Requirement: Starting with the first line of the data that follows, transcribe every line verbatim until the line containing "Inaugura Ayuntamiento red" has been transcribed.

Data entries:
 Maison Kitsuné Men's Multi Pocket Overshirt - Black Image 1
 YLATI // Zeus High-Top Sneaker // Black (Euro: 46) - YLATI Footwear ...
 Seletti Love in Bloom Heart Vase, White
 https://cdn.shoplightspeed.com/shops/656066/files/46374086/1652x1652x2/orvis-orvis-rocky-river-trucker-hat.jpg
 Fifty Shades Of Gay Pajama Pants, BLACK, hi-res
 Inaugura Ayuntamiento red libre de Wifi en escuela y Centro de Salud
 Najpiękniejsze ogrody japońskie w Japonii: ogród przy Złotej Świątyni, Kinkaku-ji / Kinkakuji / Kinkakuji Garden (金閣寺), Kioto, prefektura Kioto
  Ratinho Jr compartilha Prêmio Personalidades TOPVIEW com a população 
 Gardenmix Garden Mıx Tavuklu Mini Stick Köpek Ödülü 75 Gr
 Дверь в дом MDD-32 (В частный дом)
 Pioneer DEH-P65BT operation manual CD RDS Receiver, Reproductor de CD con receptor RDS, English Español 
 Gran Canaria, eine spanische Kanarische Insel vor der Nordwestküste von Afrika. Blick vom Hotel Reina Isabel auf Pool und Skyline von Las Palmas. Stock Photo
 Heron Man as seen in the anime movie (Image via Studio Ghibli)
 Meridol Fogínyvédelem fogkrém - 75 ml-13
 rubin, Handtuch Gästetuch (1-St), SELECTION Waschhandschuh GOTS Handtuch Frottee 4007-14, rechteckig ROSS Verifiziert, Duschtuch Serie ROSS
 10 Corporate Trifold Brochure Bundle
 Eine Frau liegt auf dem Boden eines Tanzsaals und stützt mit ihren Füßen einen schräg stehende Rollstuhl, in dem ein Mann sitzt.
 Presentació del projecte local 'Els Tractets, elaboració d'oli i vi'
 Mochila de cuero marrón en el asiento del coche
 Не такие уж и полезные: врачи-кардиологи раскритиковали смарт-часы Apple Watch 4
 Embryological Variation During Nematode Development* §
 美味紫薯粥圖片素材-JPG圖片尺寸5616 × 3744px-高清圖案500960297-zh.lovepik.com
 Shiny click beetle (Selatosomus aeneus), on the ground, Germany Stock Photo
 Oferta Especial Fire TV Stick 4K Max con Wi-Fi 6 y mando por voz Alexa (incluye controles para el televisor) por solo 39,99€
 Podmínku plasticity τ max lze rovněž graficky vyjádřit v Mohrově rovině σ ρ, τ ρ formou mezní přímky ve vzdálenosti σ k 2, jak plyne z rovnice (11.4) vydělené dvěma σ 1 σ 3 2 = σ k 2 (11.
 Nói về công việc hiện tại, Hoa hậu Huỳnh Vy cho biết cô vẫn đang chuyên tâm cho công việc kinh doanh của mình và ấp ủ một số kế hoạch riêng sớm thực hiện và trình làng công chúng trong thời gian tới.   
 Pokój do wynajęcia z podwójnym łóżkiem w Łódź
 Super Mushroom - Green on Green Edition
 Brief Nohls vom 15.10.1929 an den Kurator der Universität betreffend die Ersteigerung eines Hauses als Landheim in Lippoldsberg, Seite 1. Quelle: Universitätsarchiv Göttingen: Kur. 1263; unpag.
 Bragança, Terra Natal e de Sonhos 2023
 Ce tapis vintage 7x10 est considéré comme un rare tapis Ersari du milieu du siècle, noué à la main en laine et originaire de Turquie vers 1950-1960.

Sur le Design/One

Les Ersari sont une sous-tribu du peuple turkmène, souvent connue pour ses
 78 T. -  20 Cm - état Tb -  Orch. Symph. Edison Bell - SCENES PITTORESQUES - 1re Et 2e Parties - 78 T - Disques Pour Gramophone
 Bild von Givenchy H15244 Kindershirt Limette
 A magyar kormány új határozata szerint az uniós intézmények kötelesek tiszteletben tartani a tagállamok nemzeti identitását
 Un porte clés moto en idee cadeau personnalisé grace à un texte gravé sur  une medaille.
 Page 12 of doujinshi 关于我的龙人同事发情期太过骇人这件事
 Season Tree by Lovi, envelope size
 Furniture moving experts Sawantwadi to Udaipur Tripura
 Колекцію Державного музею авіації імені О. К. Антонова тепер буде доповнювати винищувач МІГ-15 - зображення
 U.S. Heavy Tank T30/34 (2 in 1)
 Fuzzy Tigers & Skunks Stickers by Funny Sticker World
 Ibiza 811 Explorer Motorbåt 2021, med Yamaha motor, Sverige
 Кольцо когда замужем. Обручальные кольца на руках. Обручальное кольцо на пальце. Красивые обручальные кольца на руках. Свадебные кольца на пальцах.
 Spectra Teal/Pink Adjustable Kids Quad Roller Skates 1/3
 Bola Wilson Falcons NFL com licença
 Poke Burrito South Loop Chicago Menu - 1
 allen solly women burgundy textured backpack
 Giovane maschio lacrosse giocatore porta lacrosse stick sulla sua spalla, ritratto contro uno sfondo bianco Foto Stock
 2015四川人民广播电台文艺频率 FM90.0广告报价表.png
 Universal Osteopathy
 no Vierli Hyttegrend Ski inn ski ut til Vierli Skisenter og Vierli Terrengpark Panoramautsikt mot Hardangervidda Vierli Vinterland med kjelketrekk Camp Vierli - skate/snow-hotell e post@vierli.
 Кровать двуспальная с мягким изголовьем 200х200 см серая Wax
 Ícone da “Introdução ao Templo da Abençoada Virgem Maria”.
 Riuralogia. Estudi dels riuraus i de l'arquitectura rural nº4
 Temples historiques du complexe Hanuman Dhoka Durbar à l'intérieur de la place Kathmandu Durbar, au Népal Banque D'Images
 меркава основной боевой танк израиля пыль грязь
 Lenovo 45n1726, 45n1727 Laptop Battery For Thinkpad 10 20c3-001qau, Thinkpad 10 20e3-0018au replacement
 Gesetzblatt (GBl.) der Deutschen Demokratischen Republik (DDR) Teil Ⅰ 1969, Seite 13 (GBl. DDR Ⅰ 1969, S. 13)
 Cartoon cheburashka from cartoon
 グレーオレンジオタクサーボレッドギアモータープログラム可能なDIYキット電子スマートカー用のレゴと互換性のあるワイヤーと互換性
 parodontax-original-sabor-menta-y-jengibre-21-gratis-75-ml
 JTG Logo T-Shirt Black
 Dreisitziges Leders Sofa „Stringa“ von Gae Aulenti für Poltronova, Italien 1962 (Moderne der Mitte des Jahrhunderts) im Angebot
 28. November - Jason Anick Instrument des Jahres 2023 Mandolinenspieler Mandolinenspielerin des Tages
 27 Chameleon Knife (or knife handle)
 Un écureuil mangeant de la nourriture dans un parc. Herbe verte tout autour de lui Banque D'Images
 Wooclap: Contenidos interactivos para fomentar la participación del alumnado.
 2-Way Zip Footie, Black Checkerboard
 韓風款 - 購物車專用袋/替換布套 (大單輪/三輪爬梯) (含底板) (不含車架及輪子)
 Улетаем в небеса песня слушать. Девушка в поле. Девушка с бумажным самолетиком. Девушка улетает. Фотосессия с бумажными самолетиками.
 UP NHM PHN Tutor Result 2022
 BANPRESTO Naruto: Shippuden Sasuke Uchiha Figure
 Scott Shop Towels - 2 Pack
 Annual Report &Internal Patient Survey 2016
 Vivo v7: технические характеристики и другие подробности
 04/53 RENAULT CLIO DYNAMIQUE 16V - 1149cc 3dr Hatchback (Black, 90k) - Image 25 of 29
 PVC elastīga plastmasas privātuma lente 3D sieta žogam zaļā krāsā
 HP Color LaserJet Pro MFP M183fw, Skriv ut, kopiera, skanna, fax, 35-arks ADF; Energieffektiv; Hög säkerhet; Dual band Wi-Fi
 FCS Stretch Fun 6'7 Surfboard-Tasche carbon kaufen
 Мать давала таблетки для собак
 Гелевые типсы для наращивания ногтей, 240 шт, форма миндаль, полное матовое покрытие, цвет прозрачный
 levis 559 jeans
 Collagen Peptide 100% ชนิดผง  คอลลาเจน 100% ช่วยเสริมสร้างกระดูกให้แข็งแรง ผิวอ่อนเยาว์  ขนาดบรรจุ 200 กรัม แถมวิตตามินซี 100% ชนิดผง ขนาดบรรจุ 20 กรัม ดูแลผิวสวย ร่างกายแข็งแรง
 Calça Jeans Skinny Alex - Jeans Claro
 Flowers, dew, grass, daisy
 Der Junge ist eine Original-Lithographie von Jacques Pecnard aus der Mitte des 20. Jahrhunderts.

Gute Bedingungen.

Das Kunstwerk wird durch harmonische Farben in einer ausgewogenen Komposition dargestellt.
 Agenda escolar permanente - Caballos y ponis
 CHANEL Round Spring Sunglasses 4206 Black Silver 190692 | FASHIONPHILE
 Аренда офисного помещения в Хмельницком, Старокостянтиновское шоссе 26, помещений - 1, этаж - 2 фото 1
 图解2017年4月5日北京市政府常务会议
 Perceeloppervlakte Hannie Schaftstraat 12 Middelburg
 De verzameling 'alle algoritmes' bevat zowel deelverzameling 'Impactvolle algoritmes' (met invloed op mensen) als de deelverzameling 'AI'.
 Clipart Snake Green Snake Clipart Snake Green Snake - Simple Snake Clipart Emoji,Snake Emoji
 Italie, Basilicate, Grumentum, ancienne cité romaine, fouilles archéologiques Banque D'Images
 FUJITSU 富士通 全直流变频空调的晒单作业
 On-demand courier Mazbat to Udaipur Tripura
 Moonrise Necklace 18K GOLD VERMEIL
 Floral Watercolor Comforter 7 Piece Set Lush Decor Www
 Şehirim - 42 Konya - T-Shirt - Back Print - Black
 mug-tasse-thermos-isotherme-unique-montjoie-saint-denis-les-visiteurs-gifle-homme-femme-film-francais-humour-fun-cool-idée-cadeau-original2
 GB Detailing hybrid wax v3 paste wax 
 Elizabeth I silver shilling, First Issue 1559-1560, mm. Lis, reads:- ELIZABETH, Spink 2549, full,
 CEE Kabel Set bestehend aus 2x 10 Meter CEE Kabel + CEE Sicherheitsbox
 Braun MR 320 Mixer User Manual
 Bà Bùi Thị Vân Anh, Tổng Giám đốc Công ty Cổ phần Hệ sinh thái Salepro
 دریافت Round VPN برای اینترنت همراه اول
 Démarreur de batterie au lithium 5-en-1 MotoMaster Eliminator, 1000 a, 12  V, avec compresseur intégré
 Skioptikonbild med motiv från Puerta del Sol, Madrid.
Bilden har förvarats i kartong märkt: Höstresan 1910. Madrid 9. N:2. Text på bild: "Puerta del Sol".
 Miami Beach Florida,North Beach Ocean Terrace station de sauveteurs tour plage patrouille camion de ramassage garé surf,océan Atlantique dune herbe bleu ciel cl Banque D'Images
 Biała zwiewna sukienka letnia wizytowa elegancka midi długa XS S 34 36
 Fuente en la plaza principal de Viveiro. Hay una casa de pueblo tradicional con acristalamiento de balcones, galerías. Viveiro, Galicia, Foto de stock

Response area:
 Maison Kitsuné Men's Multi Pocket Overshirt - Black Image 1
 YLATI // Zeus High-Top Sneaker // Black (Euro: 46) - YLATI Footwear ...
 Seletti Love in Bloom Heart Vase, White
 https://cdn.shoplightspeed.com/shops/656066/files/46374086/1652x1652x2/orvis-orvis-rocky-river-trucker-hat.jpg
 Fifty Shades Of Gay Pajama Pants, BLACK, hi-res
 Inaugura Ayuntamiento red libre de Wifi en escuela y Centro de Salud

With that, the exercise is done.